Anomaly Detection in Cold Storage Temperature Data
Cold storage applications are often subject to strict temperature requirements during operation. Continuously tracking the condition of fridges containing food, medicine, or other easily spoiled product can help avoid loss of produce by detecting failure onset . However, merely setting a fixed temperature threshold for alerts can result in many false alarms. During business hours, staff might open the doors to a fridge several times, causing a short but large spike in temperature.
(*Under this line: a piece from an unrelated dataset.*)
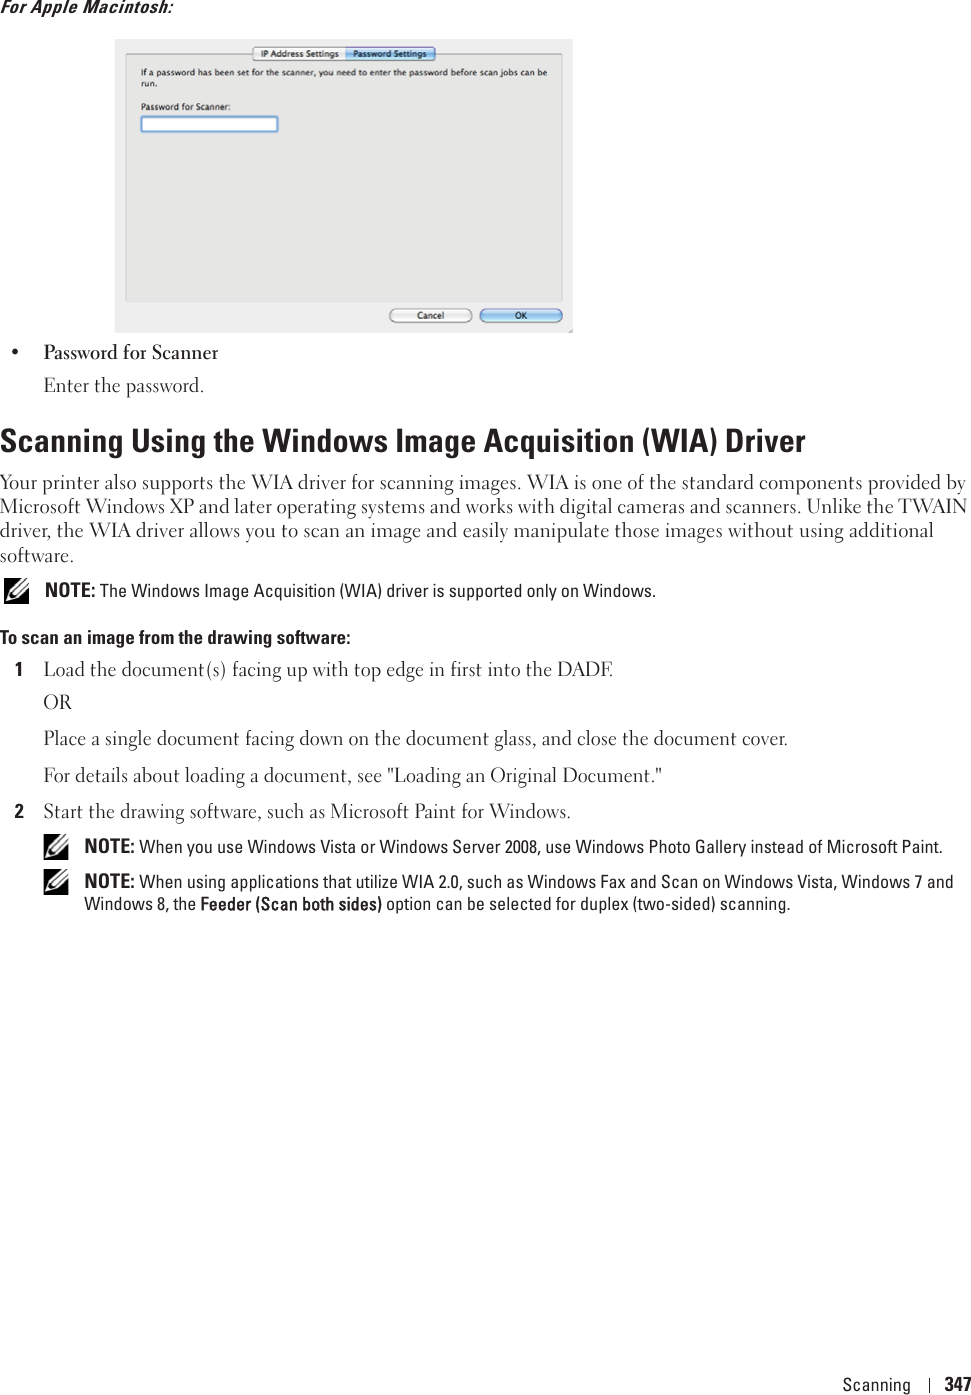 Scanning 347For Apple Macintosh:• Password for ScannerEnter the password.Scanning Using the Windows Image Acquisition (WIA) DriverYour printer also supports the WIA driver for scanning images. WIA is one of the standard components provided by Microsoft Windows XP and later operating systems and works with digital cameras and scanners. Unlike the TWAIN driver, the WIA driver allows you to scan an image and easily manipulate those images without using additional software. NOTE: The Windows Image Acquisition (WIA) driver is supported only on Windows.To scan an image from the drawing software:1Load the document(s) facing up with top edge in first into the DADF.ORPlace a single document facing down on the document glass, and close the document cover.For details about loading a document, see &quot;Loading an Original Document.&quot;2Start the drawing software, such as Microsoft Paint for Windows. NOTE: When you use Windows Vista or Windows Server 2008, use Windows Photo Gallery instead of Microsoft Paint. NOTE: When using applications that utilize WIA 2.0, such as Windows Fax and Scan on Windows Vista, Windows 7 and Windows 8, the FFeeder (Scan both sides) option can be selected for duplex (two-sided) scanning.

Also, industry-grade refrigerating equipment often features a regular defrosting cycle feature, quickly raising the temperature at set intervals to promote de-icing.
In this application note, an alternative approach to triggering alarms is proposed, separating short-time oscillations in temperature from the more representative baseline with the aim of reducing false alarms. The following sections explain step-by-step how you can set this up for your own DT Studio project, further building upon the proposed method.
Figure 1: A significant change in temperature triggering an alarm.
The implementation is built around using the developer API to interact with a single DT Studio project containing all temperature sensors used in anomaly detection. If not already done, a project needs to be created and configured to enable API functionalities.
For authenticating the REST API against the DT Studio project, a Service Account key-id, secret, and email must be known, later to be used in the example code. If this concept is unfamiliar to you, read our guide on Creating a Service Account.
By default, all temperature sensors in the project are assumed independent from each other and will be processed as such. The number of sensors used does not have to be configured beforehand and is scaled automatically. The option to move a sensor between projects can be found when selecting a sensor in a DT Studio project, as shown in figure 2.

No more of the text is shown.